Fig. 31: Form for the definition of meteorological phenomena

A special font extension with the phenomenom file.ttf is used to display the flag. The flags will display correctly in other applications too (Figure 32). In case of storms, additional information can be stored (such as a storm direction, maximum vicinity or maximum gust of wind depending on direction/time). In the Czech Republic, times of meteorological phenomena are estimated only in some stations. In that case, the time is replaced with a time flag (Fig. 33).

Fig. 32: A list of meteorological phenomena in MS Excel Fig. 33: Time flags of meteorological phenomena

4.3.4. Pentade, decade and monthly data

Pentade, decade and monthly data are calculated by means of MAX, MIN, SUM or AVG functions for following periods/days:

  • pentades:1 - 5, 6 – 10, 11 – 15, 16 – 20, 21 – 25 and 26 - EoM,
  • decades:1 – 10, 11 – 20 and 21 – EoM, and
  • month:1 – EoM,
  • where EoM stands for the last day in the month (ranging from 28 to 31).

Fig. 9 shows the definition of the calculation used for the rainfall aggregate – SRA. The values are calculated for decades and the month using SUM of nonregular data (from RDATA_N). AVG is calculated if the condition 3/5 (Calculation of monthly and annual 30-year standard normals, 1989) is fulfilled. This means that as many as 5 values can miss for the calculation but only 3 of them can follow each other. Resulting values are stored in MDATA (table 3). The individual periods are identified as follows:

0 – month, 1 – the first decade, 2 – the second decade, 3 – the third decade, 4 – the first pentade, 5 – the second pentade, 6 – the third pentade, 7 – the fourth pentade, 8 – the fifth pentade and 9 – the sixth pentade

If MAX or MIN functions are defined for the component, information about the date of the calculated extreme is also stored in MDATA. If one extreme value occurs several times in the period, the first date only will be stored and a multiple occurrence flag will be attached to the value. MDATA includes a list of values of other elements relating to the period when the extreme, calculated by means of MAX and MIN, occurred (Fig. 34). This additional information is available because it was requested to display not only the maximum wind velocity but also a direction of the wind. This proves efficient co-operation between the user, client and software developer.

Fig. 34: A list of element values in the period of occurrence of an extreme value

4.3.5. Number of days

Frequently used characteristics include the number of days with values of the climate element and the number of days with occurrence of the meteorological phenomena. An application administrator can agree with the users to edit calculations of the characteristics in the element table (see Chapter 4.3.1). The characteristics are stored in MDATA_COUNT (table 4) and MDATA_PHENOMENA (table 11). The numbers of days with the meteorological phenomena are based on the definition in the system administration (see Chapter 5.4.2).

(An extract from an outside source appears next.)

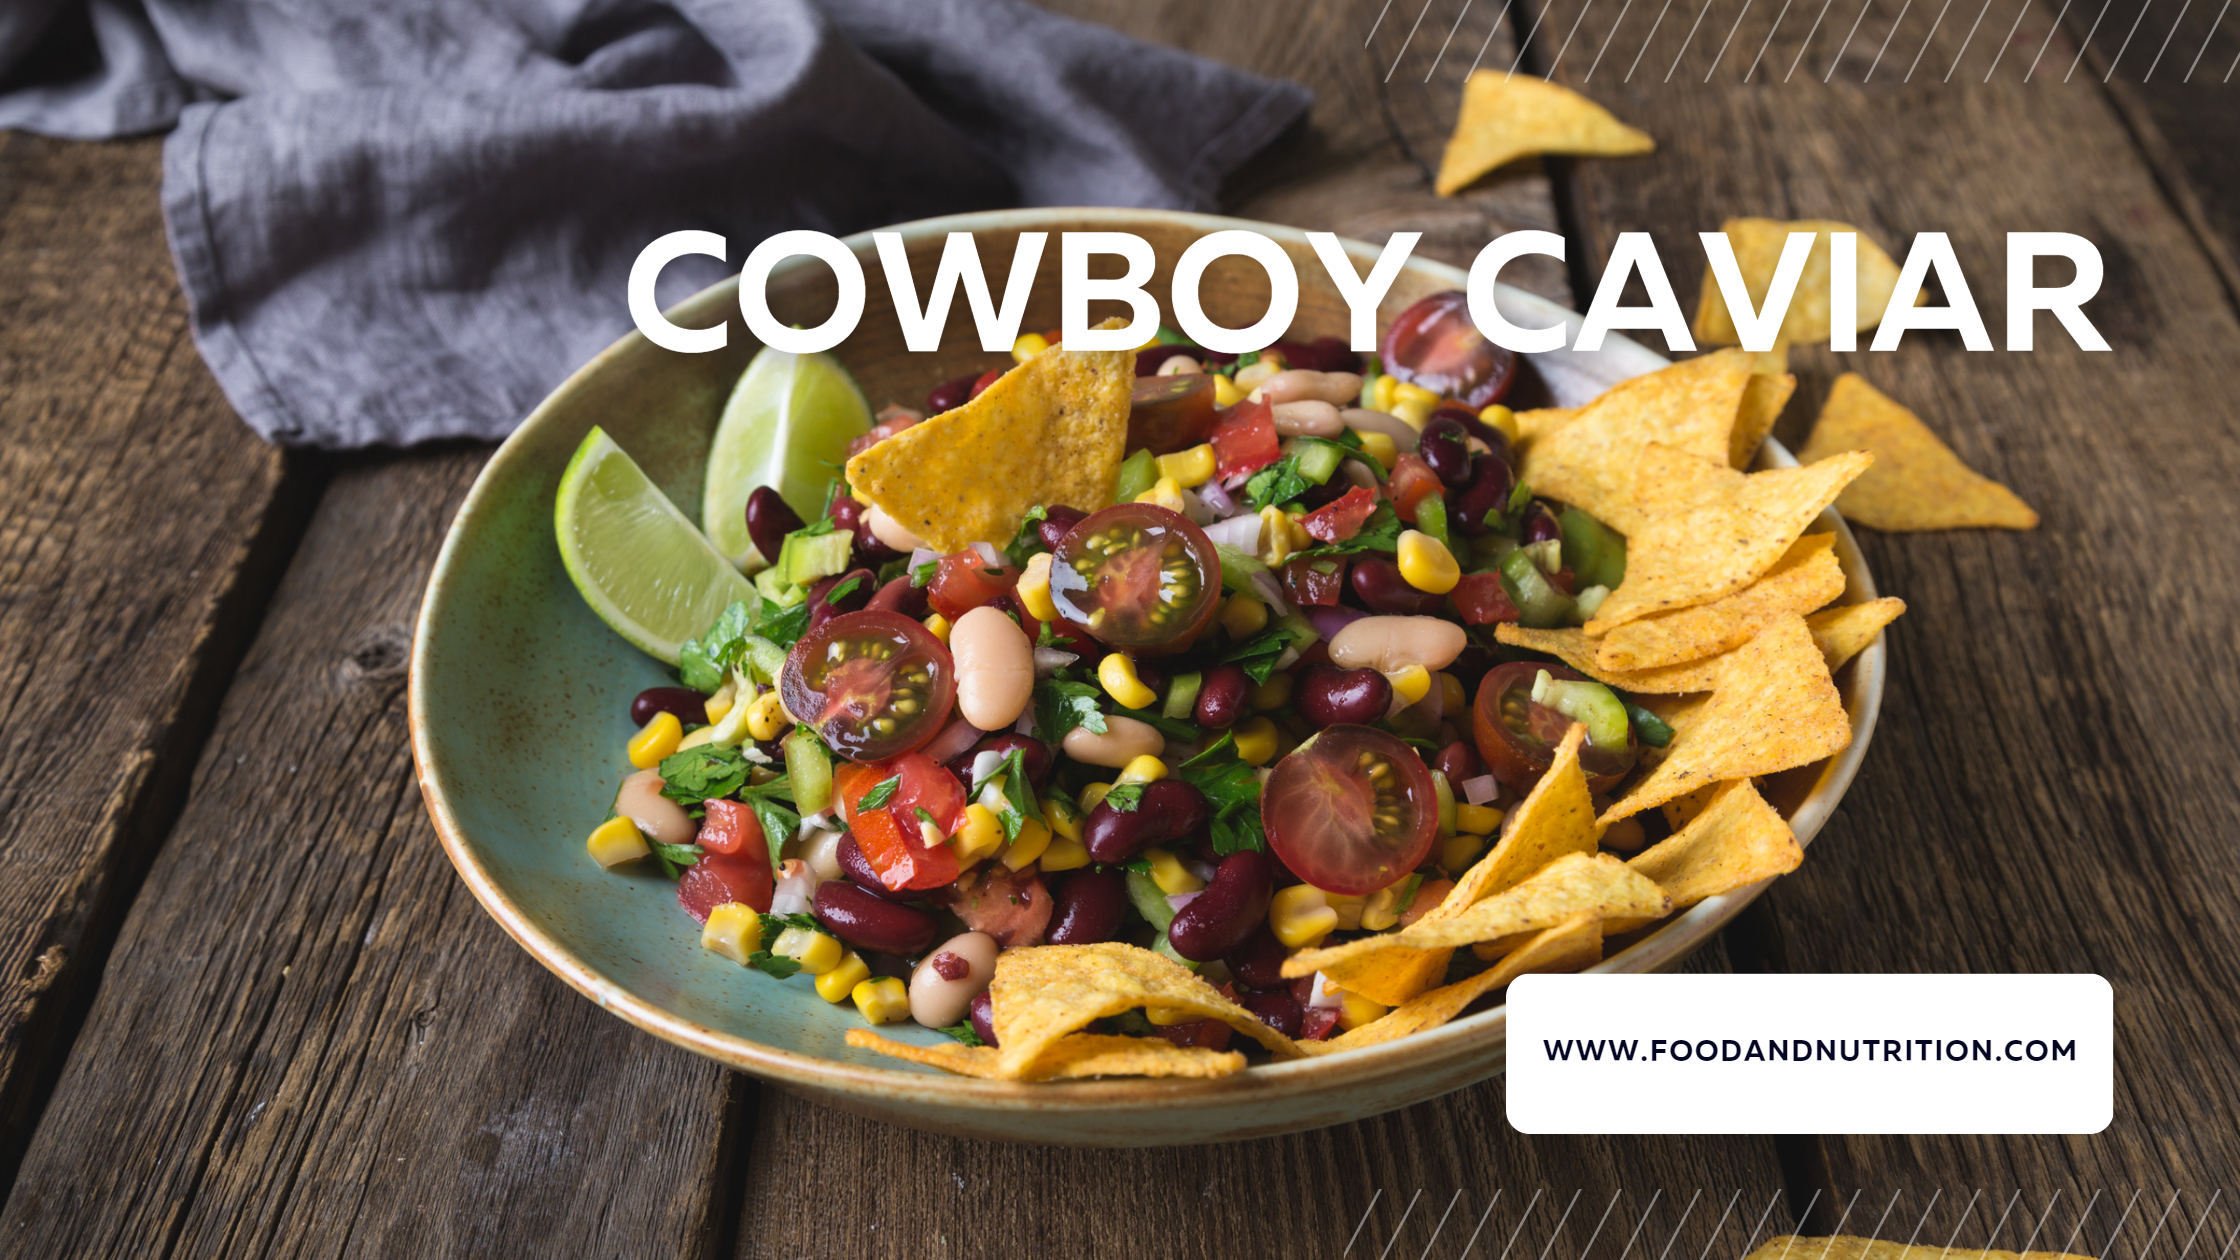 Healthy and Delicious: Why Cowboy Caviar is the Perfect Party Snack

4.3.6. Long-termed averages and extremes

Long-termed averages and extremes in EDATA (table 1) are calculated in several independent actions. The values are used for different purposes then. Individual groups of the calculated values differ in SOURCE. This quantity can acquire any of following values:

  • S – standard – a calculation for a standard period defined in a table of system parameters (Fig. 12),
  • U – user – a user defined calculation for certain stations, elements and periods (Fig. 35),
  • F – full – a calculation for all data stored in the database for the element and scheme,
  • T – temporary – temporary values of the characteristics derived from another station for purposes of a data check.

Fig. 35: User calculation in EDATA

The STANDARD characteristics are used as a basis for a spatial analysis of data quality in a special GIS application (see Chapter 5.3). The calculation is possible for a minimum quantity of data stored in the database for the period defined in the system parameter table. For the current period from 1961 to 2005, the data for 10 years at least are needed (Moberg et al., 2006; Štekl et al., 2001). If the station does not fulfill the ten–year limit, it is necessary to estimate the TEMPORARY characteristics using other stations and coefficients/constants. The FULL characteristics are used for standard assessment reports by ČHMÚ. Typically, the reports are handed over to mass media. The USER can also choose the calculation of the characteristics for any period and for a chosen list of stations and elements (Fig. 35). The USER characteristics are available to the users until the next calculation is started. The record (Table 1) will include also a user name of the user who entered the calculation. Each user may store in the database an only one own calculation.

4.3.7. Normals

The system parameter tables (Fig. 12) define also two normal periods for which the calculation calculates the normals. WMO recommends that the standard normal period should be 1961–1990. But it is also possible to use another period that lasts thirty years at least. In practice, ČHMÚ prefers other normal periods (1961–2000 and 1971-2000). Most of the calculated normals do not meet all criteria set for the normal characteristics calculation. This is, in particular, the case of quality control and data homogeneity. The data quality control is sufficient CLIDATA. Homogenised data in the database differ in a station indicative. This means they cannot be replaced with original data.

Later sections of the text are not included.